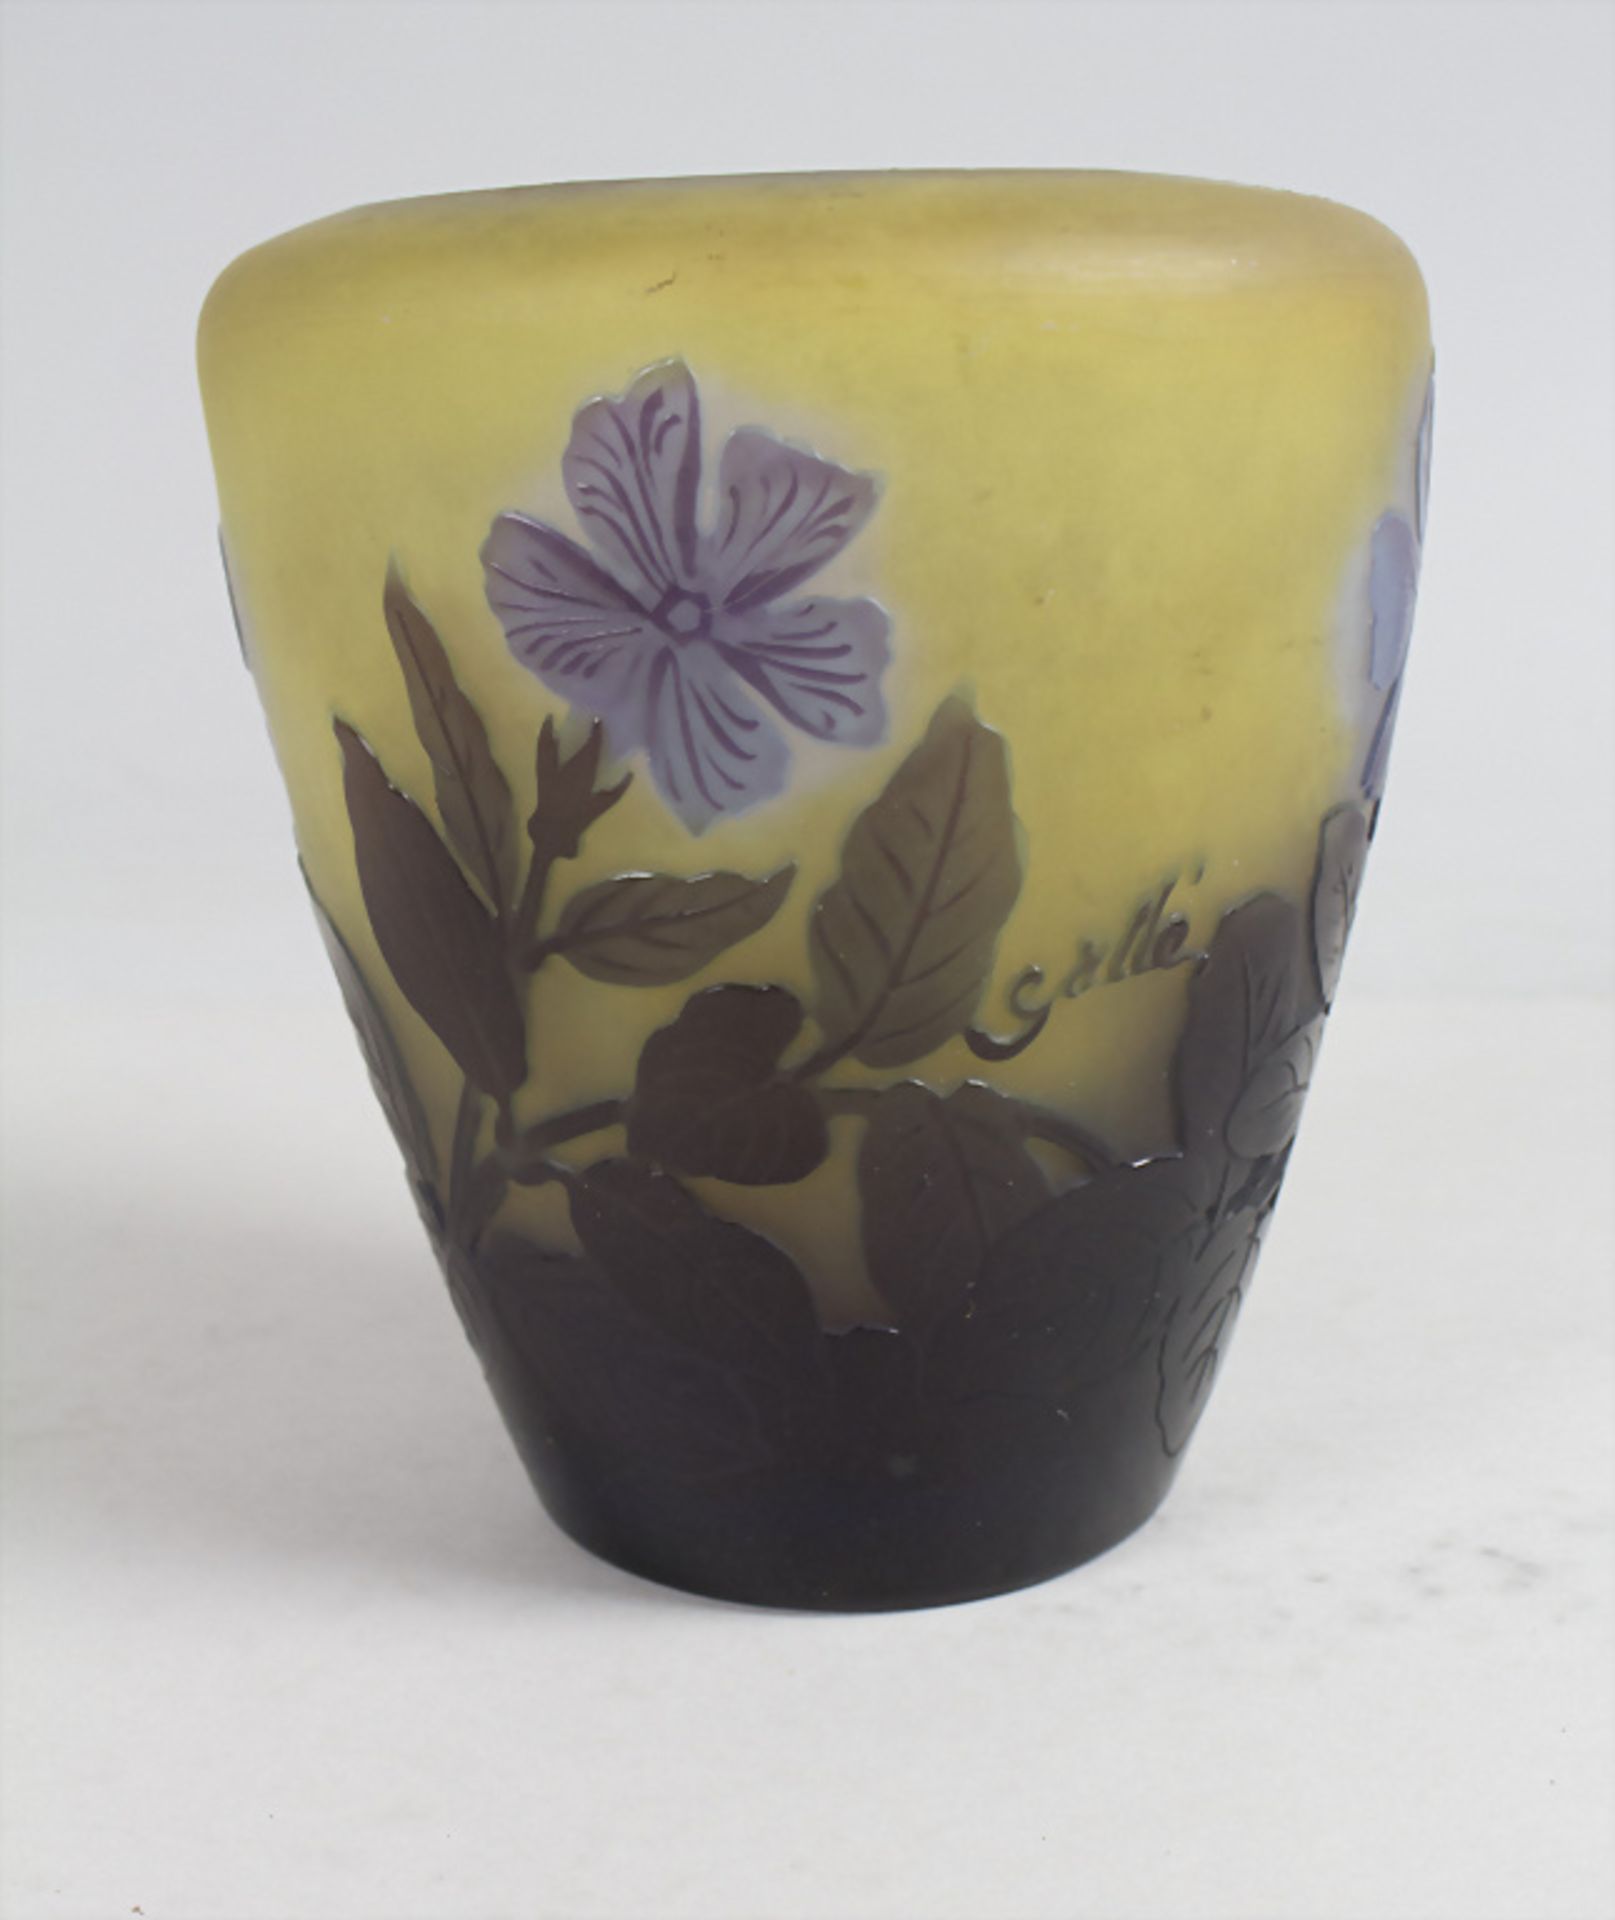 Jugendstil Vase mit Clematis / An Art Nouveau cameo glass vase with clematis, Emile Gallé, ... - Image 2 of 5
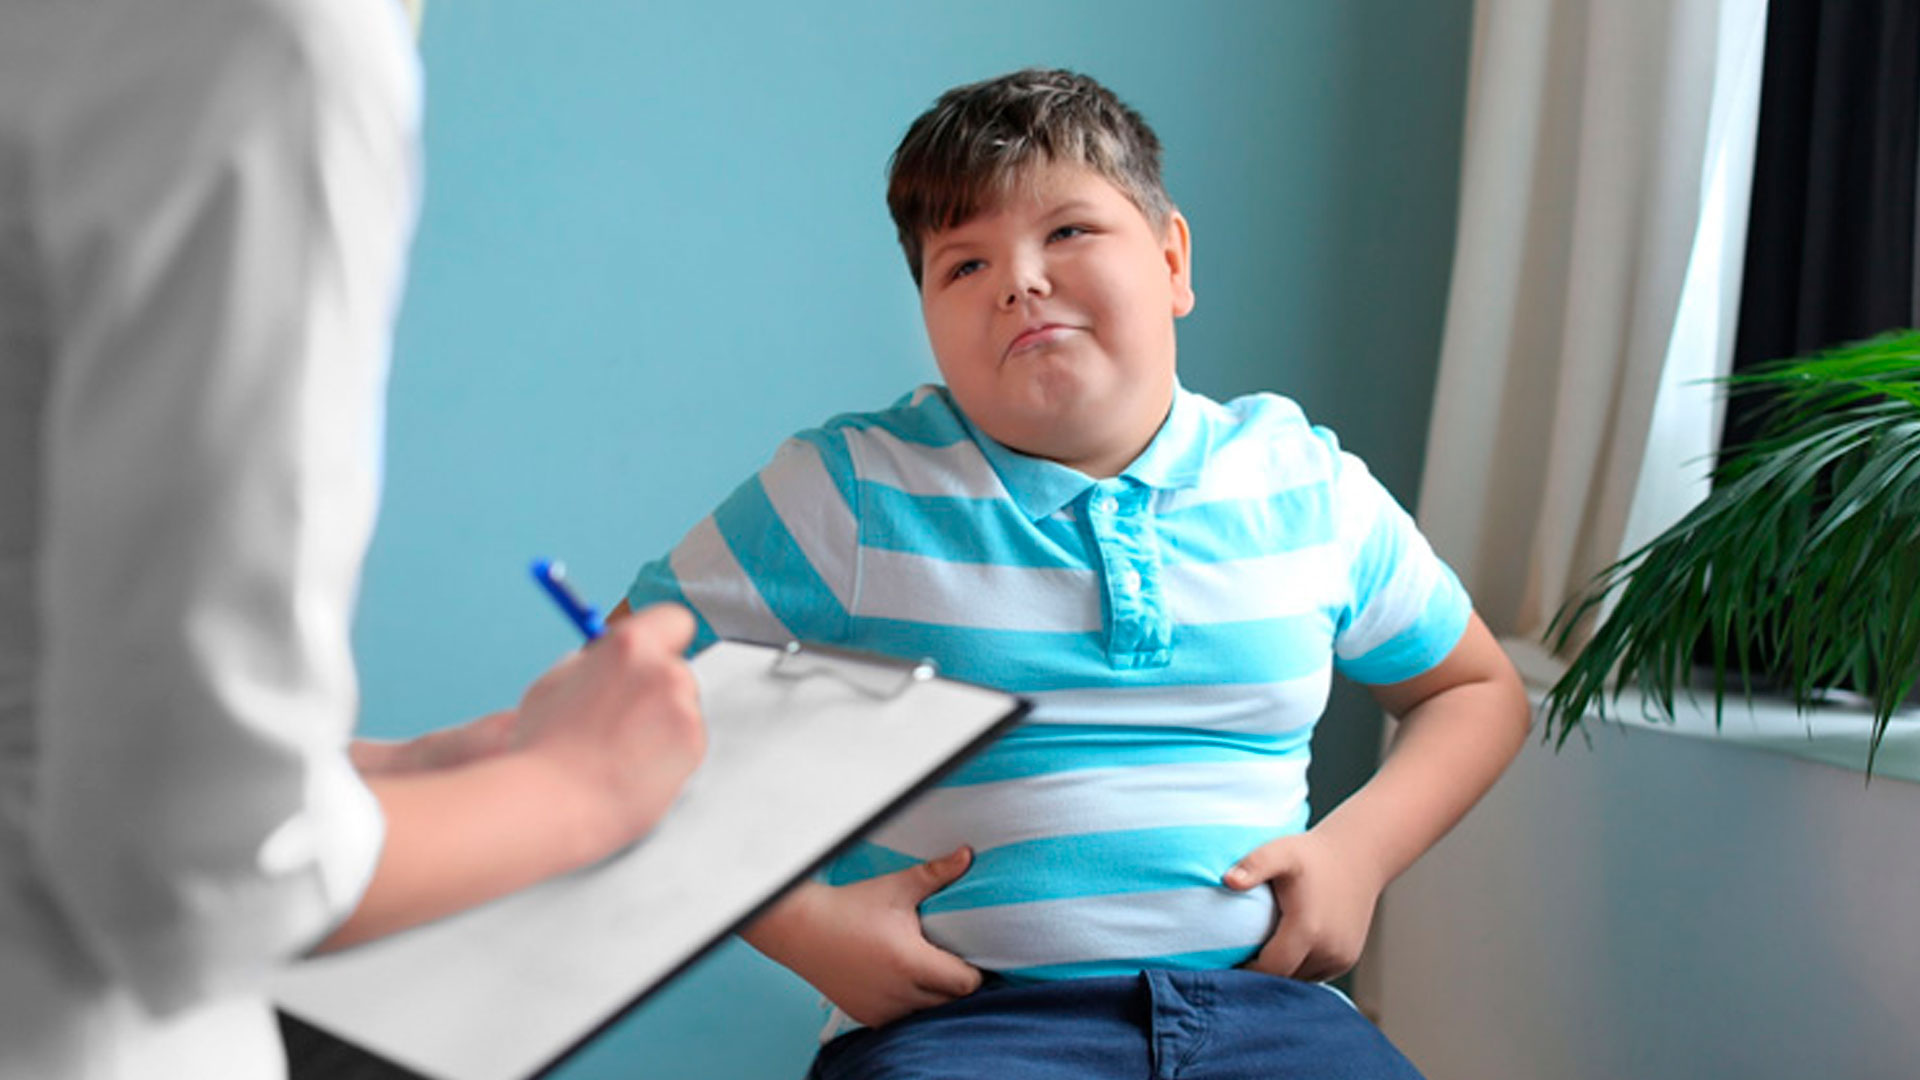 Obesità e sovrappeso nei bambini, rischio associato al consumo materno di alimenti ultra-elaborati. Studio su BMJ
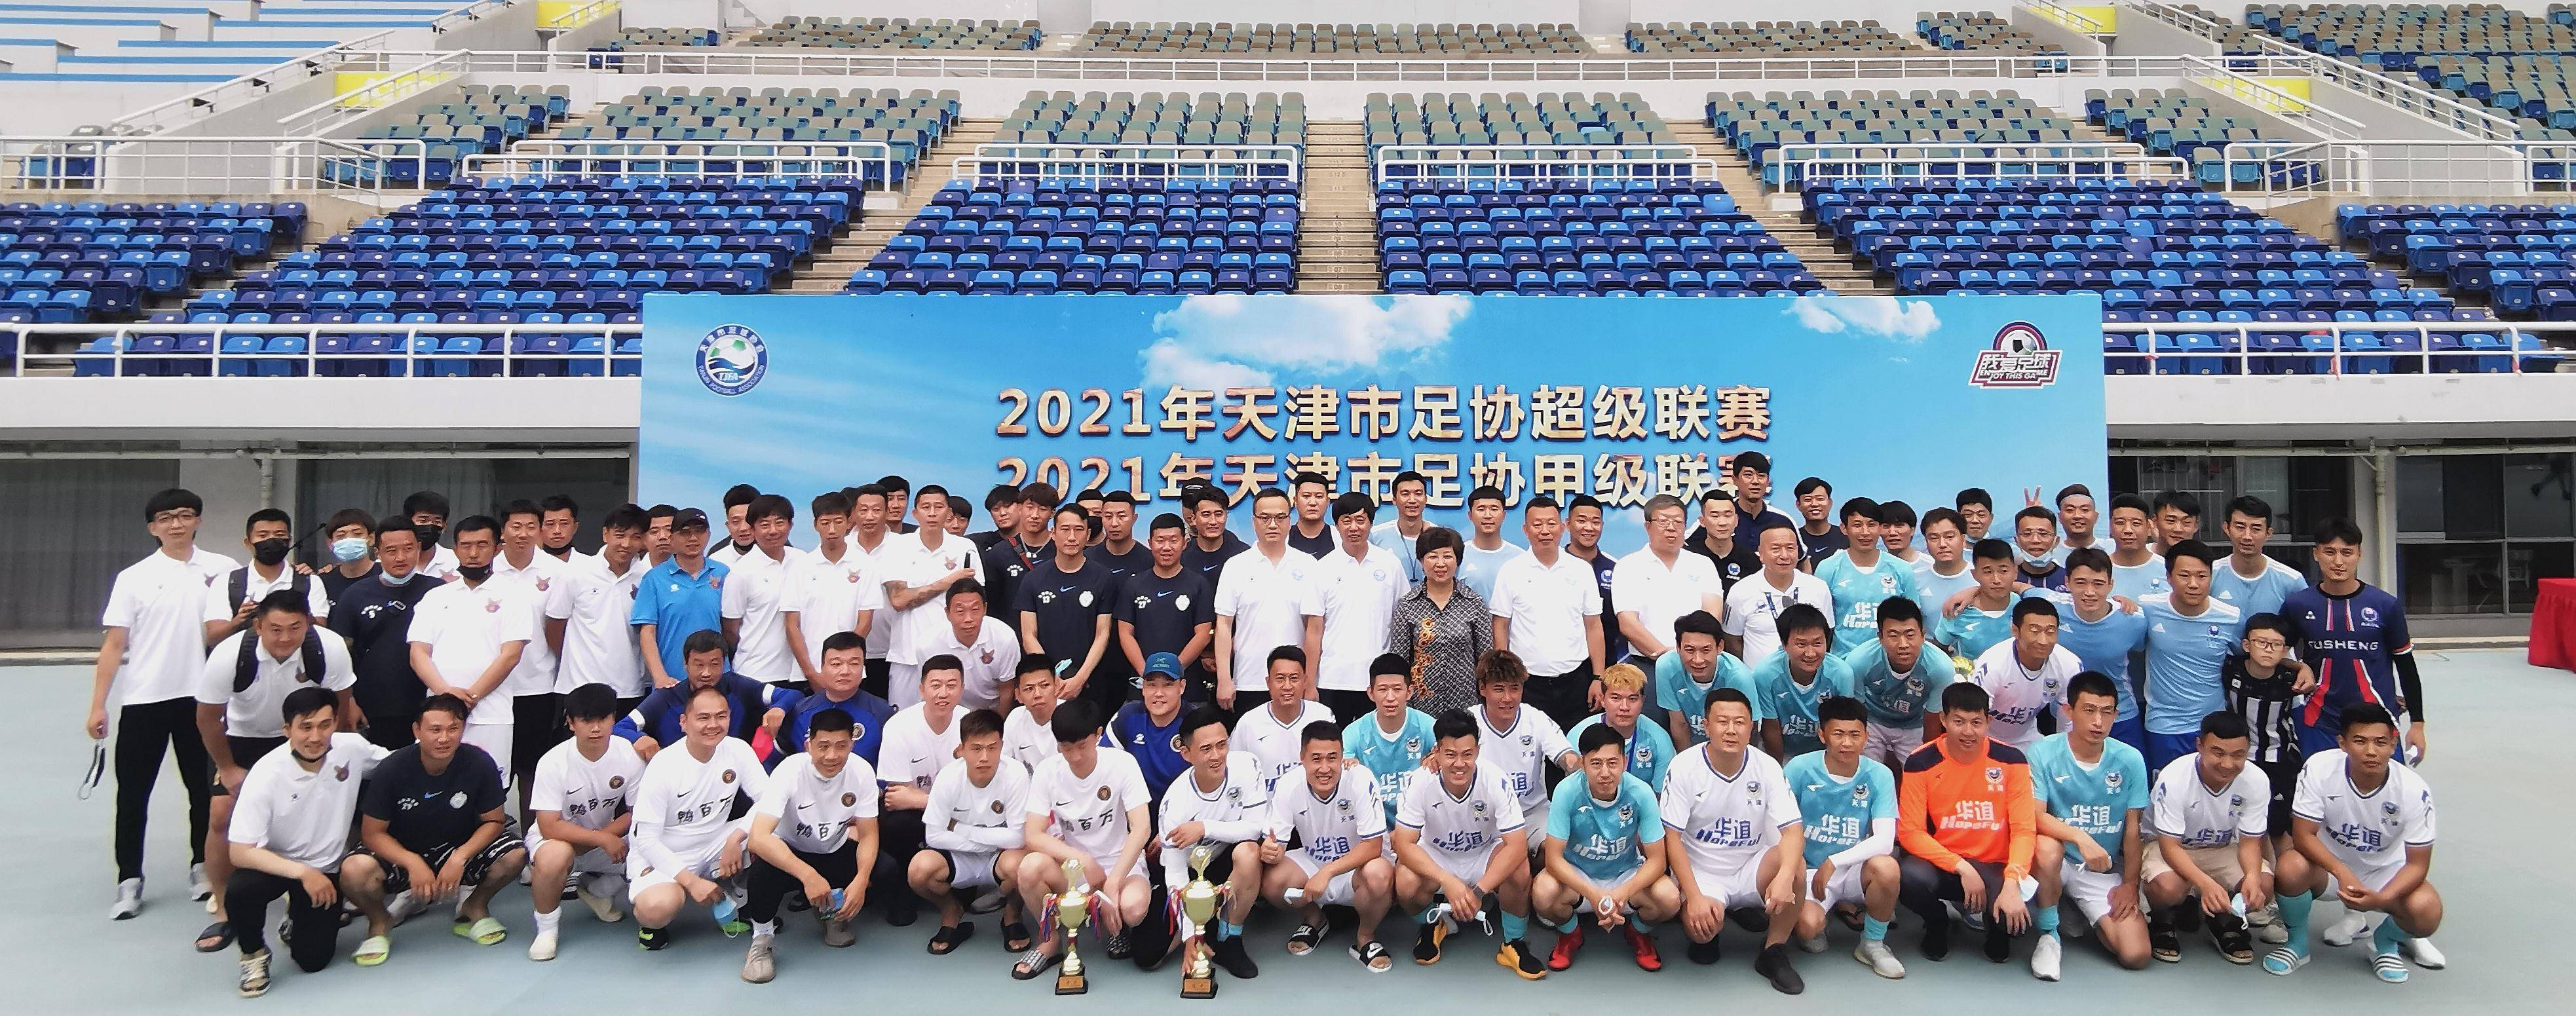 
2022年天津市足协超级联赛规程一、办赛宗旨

═══

What you will do:
Copy the listing above verbatim, leaving out pictures.

Task answer:
 Jugendstil Vase mit Clematis / An Art Nouveau cameo glass vase with clematis, Emile Gallé, ... - Image 2 of 5
 Obesità e sovrappeso nei bambini, rischio associato al consumo materno di alimenti ultra-elaborati. Studio su BMJ
2022年天津市足协超级联赛规程一、办赛宗旨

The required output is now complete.